DIRECTIONS:
Copy out the records precisely, omitting pictures.

Records excerpted from a collection
# # #
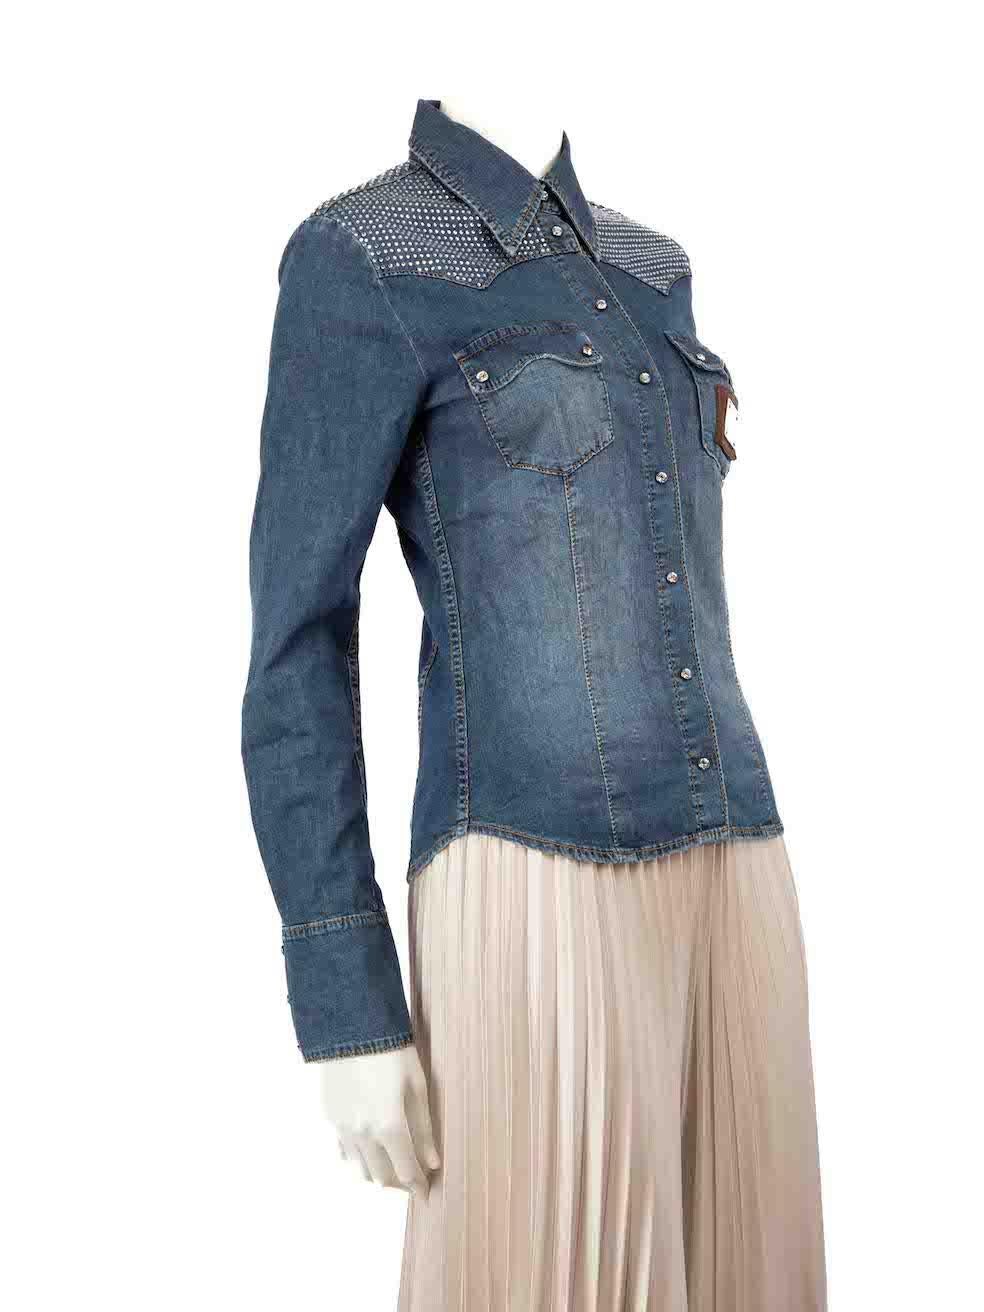 CONDITION is Very good. Minimal wear to the shirt is evident. Missing rhinestones on the right shoulder on this used Philipp Plein designer resale item.
 
 
 
 Details
 
 
 Blue
 
 Denim
 
 Shirt
 
 Snap button fastening
 
 Crystal embellished
# # #
TASK SOLUTION:
 CONDITION is Very good. Minimal wear to the shirt is evident. Missing rhinestones on the right shoulder on this used Philipp Plein designer resale item.
 
 
 
 Details
 
 
 Blue
 
 Denim
 
 Shirt
 
 Snap button fastening
 
 Crystal embellished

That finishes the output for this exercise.